Hi all, As a younger man in my teens and 20s, I was often very interested in the switching aspect of a model railroad. So much so, that I constructed an L-shaped HO layout switching layout without staging. However, now I miss continual running, no matter how mundane and “round and round” it may seem. What advice do you have for someone with a limited budget and space in this situation? I want to keep the hobby interesting, but back and forth switching has become stale. I just want the trains to run.
I’m a total ops geek, but I’ve got to have a continuous run option available. Having the trains looping around is not unlike a peaceful fountain burbling away in the corner of the room… Lot’s of choo choo zen in that.
Lee
Chuck,
What maximum width and length layout you can have in your space? If it’s L-shaped, how wide can each section be?
I only have a 4 x 8 layout but I have (actually, will have) both a small switching yard and a servicing terminal. Plenty of switching action PLUS a continual loop for “railfanning”.
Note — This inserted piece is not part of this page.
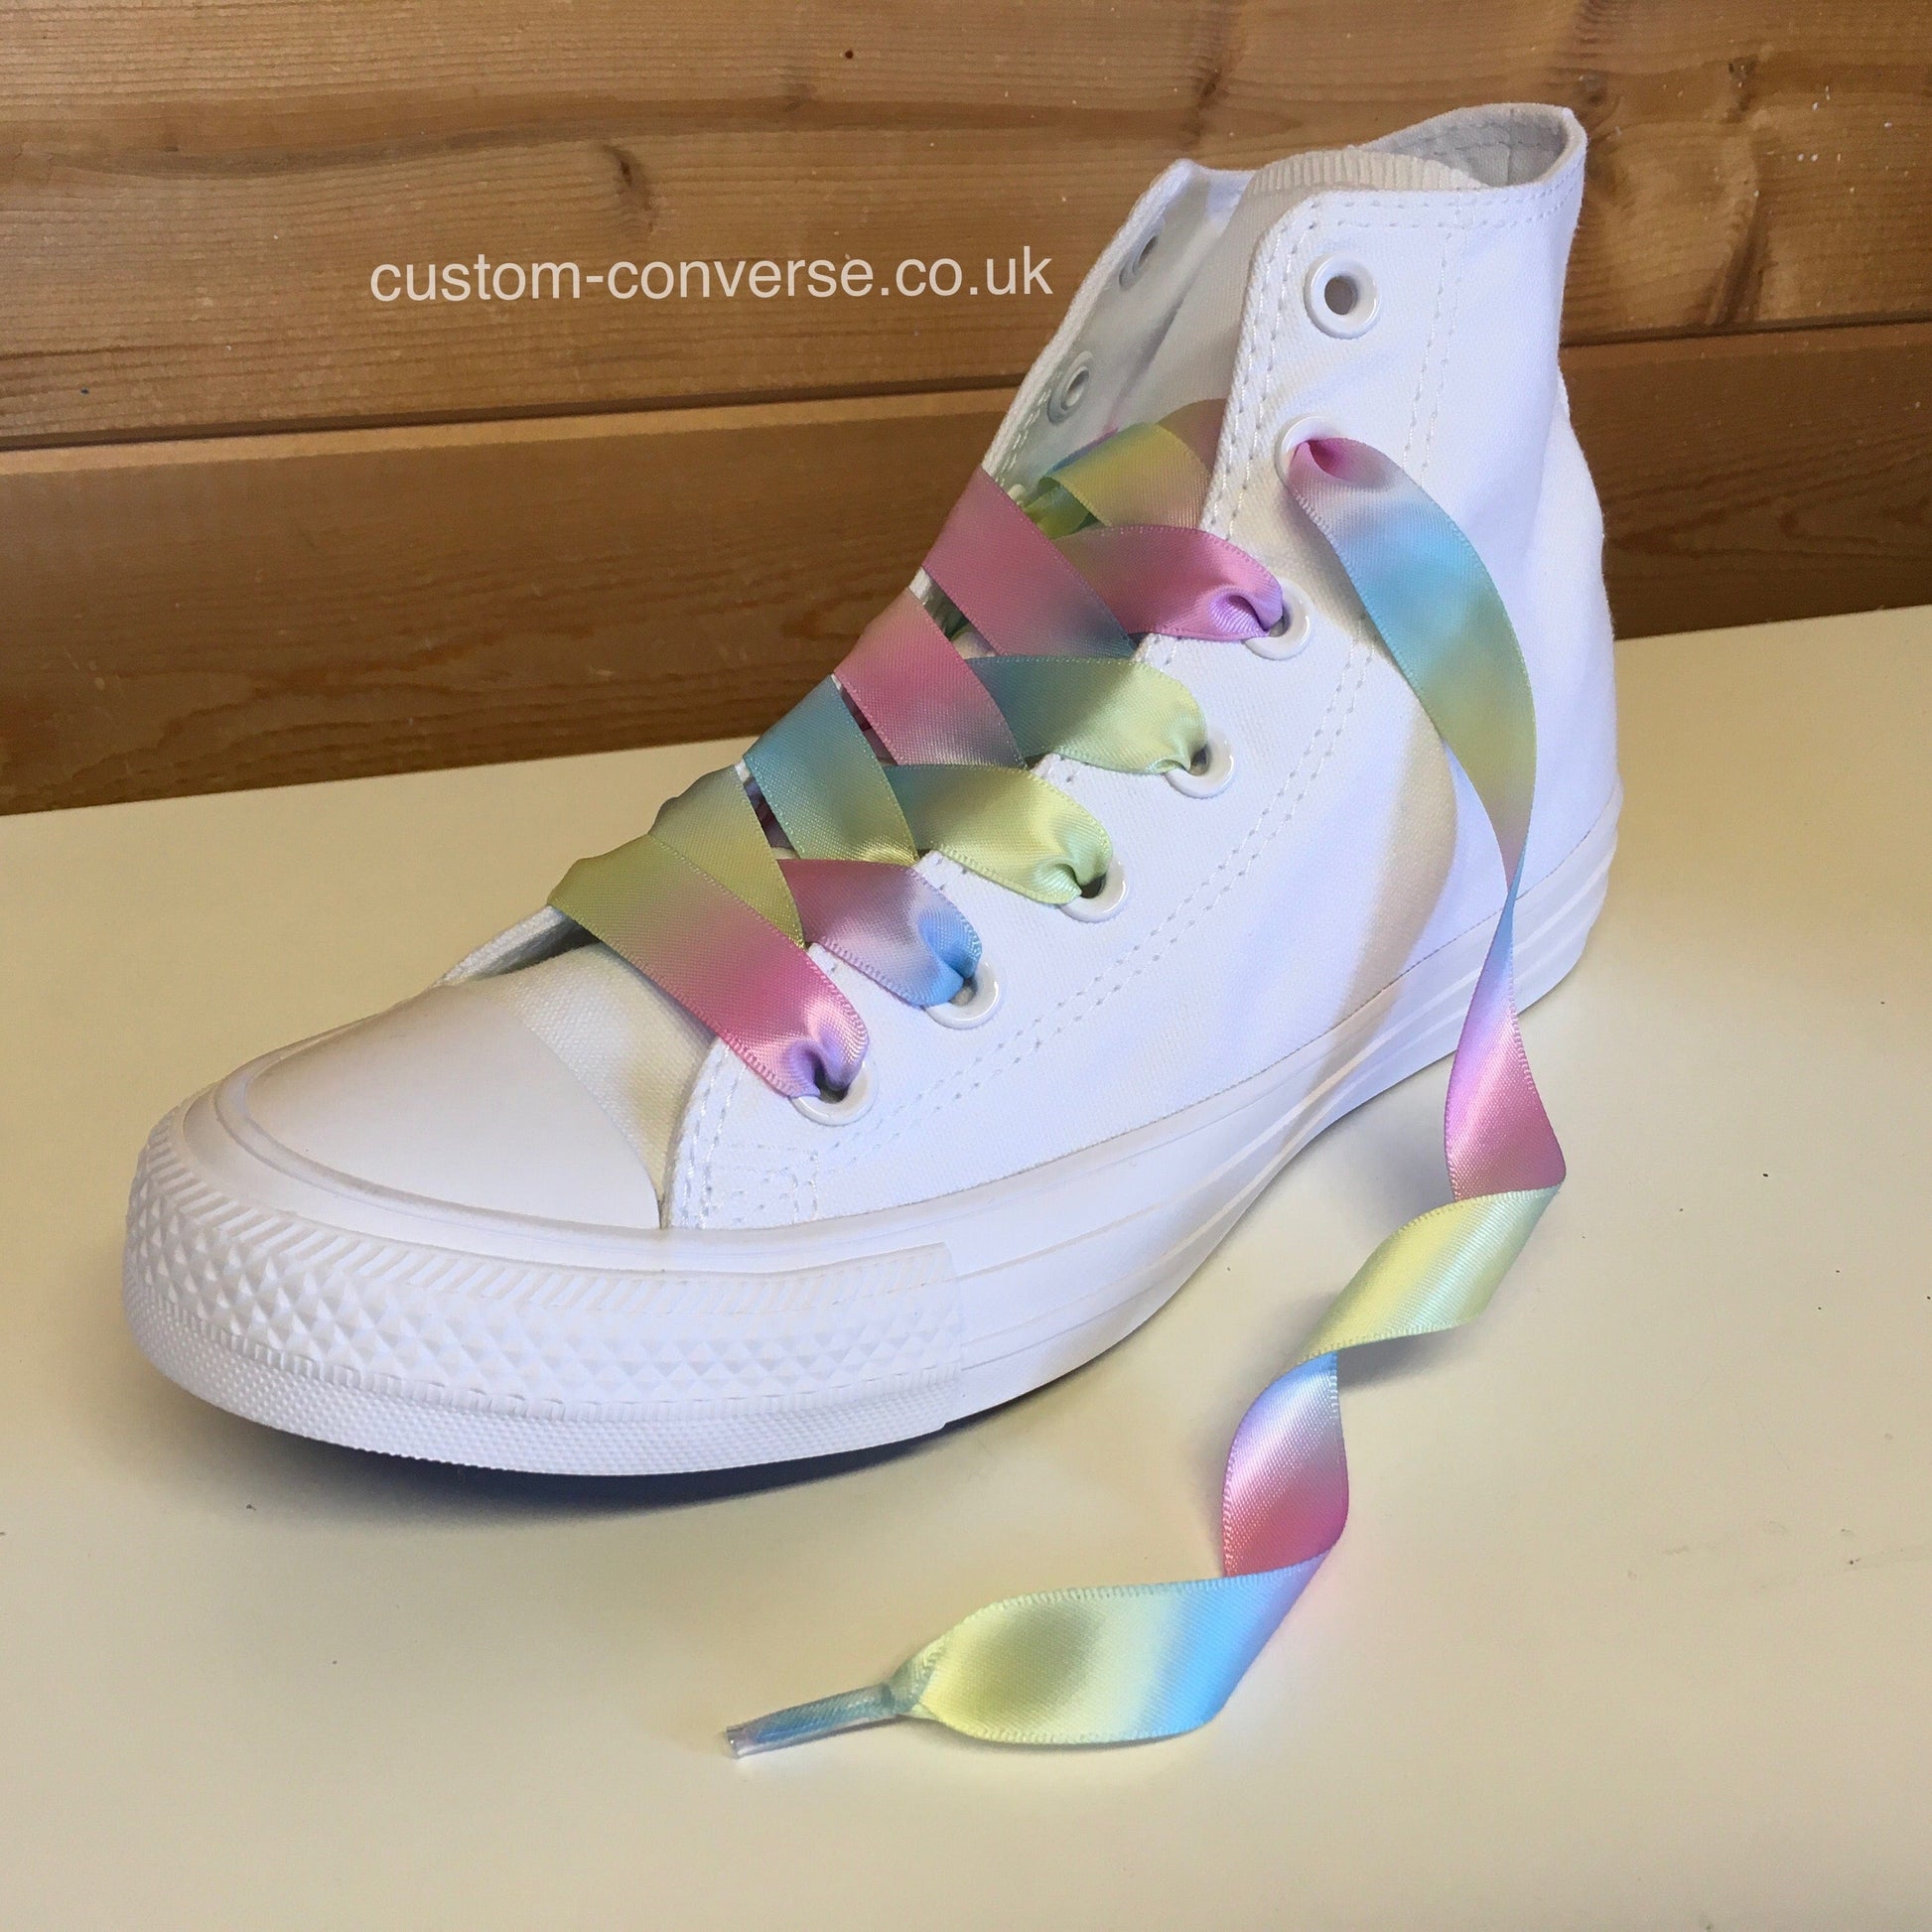 Custom Converse Ltd. Other Rainbow Ribbon Shoelaces

Go for as large as a curved radius on your continual run mainline as possible. With a 4 x 8, I could only go as large as R22" - except for a small section of R18". Your locomotives and rolling stock will both look and operate better on the larger radii.
Tom
Ha!
The first one to confess that he just likes to see trains circle the loop! [}:)]
Seriously, although I am deep down into operation and currently designing my L-shaped switching layout, I do dream about having that grand layout available where I can watch my trains (long ones, pulled by a consist of min. 3 locos) run through breathtaking scenery… [sigh]
Like you, I don´t have that kind of money and space. I even thought of giving up HO scale and going into N scale, just for the purpose of having long trains.
Risking to be beaten up in this forum, I vote against a 4 by 8 layout. Whatever you do there , will be just a loop disguised as a layout (easy, guys, I have seen many a well built “table layout”). If you have a space of, say, maybe 12´ by 7` , go for a “donut” shaped layout, build in segments that you can store while your are not operating the layout.
Check the “Heart of Georgia” - layout or Stein´s Minnesota based layout - both are well designed examples of what can be done in small spaces, having run-around facilities and a lot of switching ops as well.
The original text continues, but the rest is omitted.